The United Nations chief investigator for torture had called on the Obama administration to formally investigate complicity in Iraqi abuse, "if leaked U.S. files on the Iraq conflict point to clear violations of the UN convention against torture, Barack Obama's administration has a clear obligation to investigate them," and "under the conventions on human rights there is an obligation for states to criminalize every form of torture, whether directly or indirectly."

But the last thing the Obama administration wanted was a discussion of the legal obligations to investigate torture and bring the torturers to legal account, and how we not only allowed, but participated in the very human rights abuses which we claimed, and still claim, our military actions would stop.

Read Scott Horton’s “When Lawyers Are War Criminals” marking the anniversary of the Nuremberg Tribunals:

“I come to the example of Moltke…namely that he very properly puts the emphasis not on the simple soldiers who invariably operate the weaponry of war, but on those who make the policies that drive their conduct.

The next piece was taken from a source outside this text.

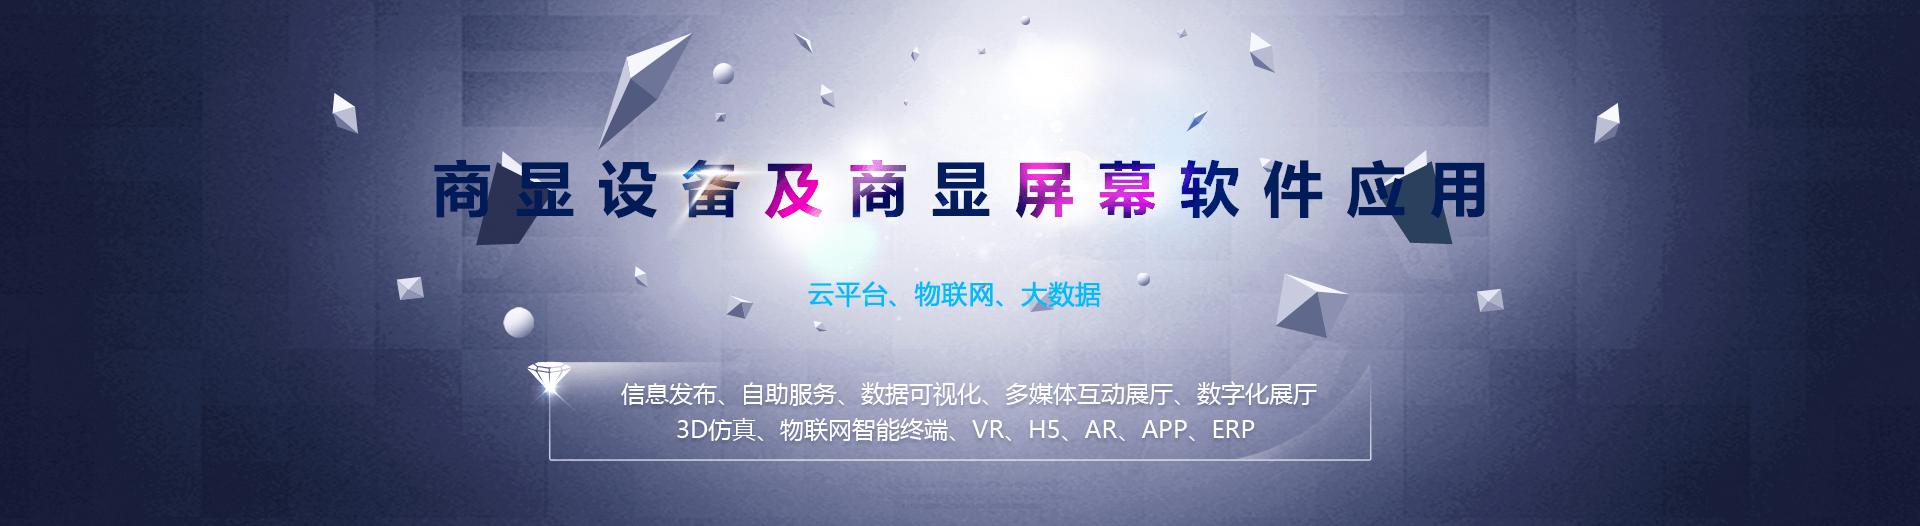 商显设备及商显屏幕应用,云平台,大数据展示,物联网应用,信息发布,自助服务,多媒体互动展厅,数字化展厅,3D仿真,物联网智能终端,3D,VR,H5,APP,EPR,CRM
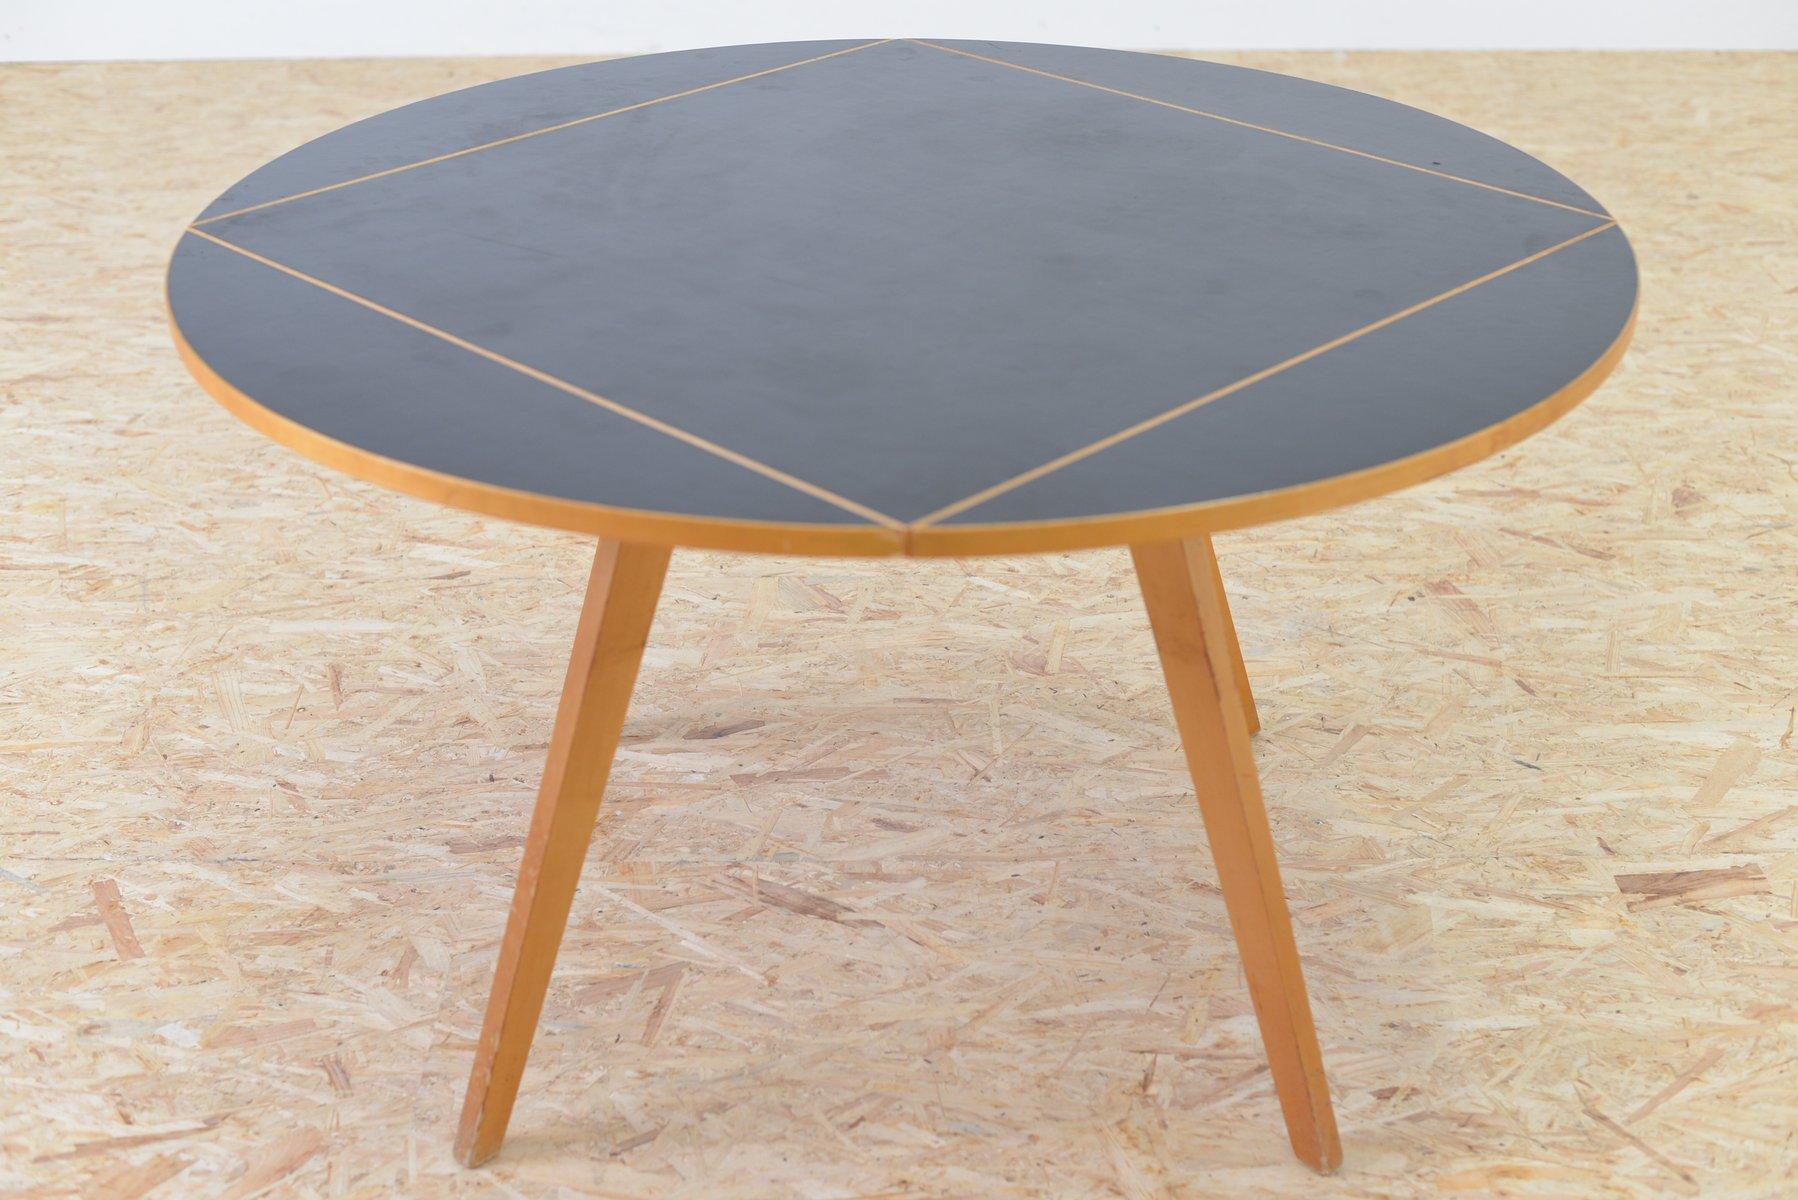 Vintage quadratrund tisch von max bill f r horgen glarus for Tisch billig

And in that process, his stern gaze falls first on the lawyers. In a proper society, the lawyers are the guardians of law, and in times of war, their role becomes solemn. Moltke challenges us to test the conduct of the lawyers. Do they show fidelity to the law? Do they recognize that the law of armed conflict, with its protections for disarmed combatants, for civilians and for detainees, reflects a particularly powerful type of law – as Jackson said “the basic building blocks of civilization”? Do they appreciate that in this area of law, above all others, the usual lawyerly tricks of dicing and splicing, of sophist subversion, cannot be tolerated? These are questions Moltke asked. They are questions that the US-led prosecution team in Nuremberg asked. They are questions that Americans should have been asking about the conduct of government lawyers who have seriously wounded, if not destroyed, the Geneva system.”

“Why, a four year old child could understand this! … Run out and find me a four year old child.” – Groucho Marx

James F Traynor said...

I cannot stand these conventions. Or the campaign season in general. Bill Moyers has a great video on Reed, Madoff, Norquist and the trio's machinations with a dash of Rove. Now I'm going to clean my boat, try to get back to studying linear dynamic equilibria, and go to the gym. Going Athenian to get my brain and body to focus on something other than the collective insanity of American society. Forget Athenian, the Peloponnesian War was a real bummer brought on by the likes of Pericles. Jesus, you just can't get away from these idiots.

spreadoption said...

Don't we all, here, share James Traynor's frustration with the state of our (dis)union? While I wrack my brain daily trying to figure how (or whether) I'll vote, my 25-year old son (whose nascent wisdom I appreciate) advises me to "fuggedaboudit" - for as George Carlin put it, "They own this place, it's a Big Club, and you ain't in it."

http://vimeo.com/32639342

Actually that clip by a genius comedian sums up where we're at, as far as I can tell. But what bothers me the most of all is the mentality of the American people, when about half of us are going to vote for Rmoney-Ryan. That’s a lot of otherwise good people who are totally wrong-headed about how to live and thrive within a society. I hate to think it, but are we unconsciously drifting the same way the German people did pre-WWII? Different factors but same direction?

Think globally but act locally, my son and others advise. Don’t waste yourself on something you can’t control. I guess they're right, though it’s hard to swallow. I’d rather fight but don’t know how to win. So for today, like James, I'm gonna catch an Oregon football game, try to balance global macroeconomics with implied volatility, and lift some weights in the garage.

Life is good locally but our country is going all to hell and I don't know how we stop it.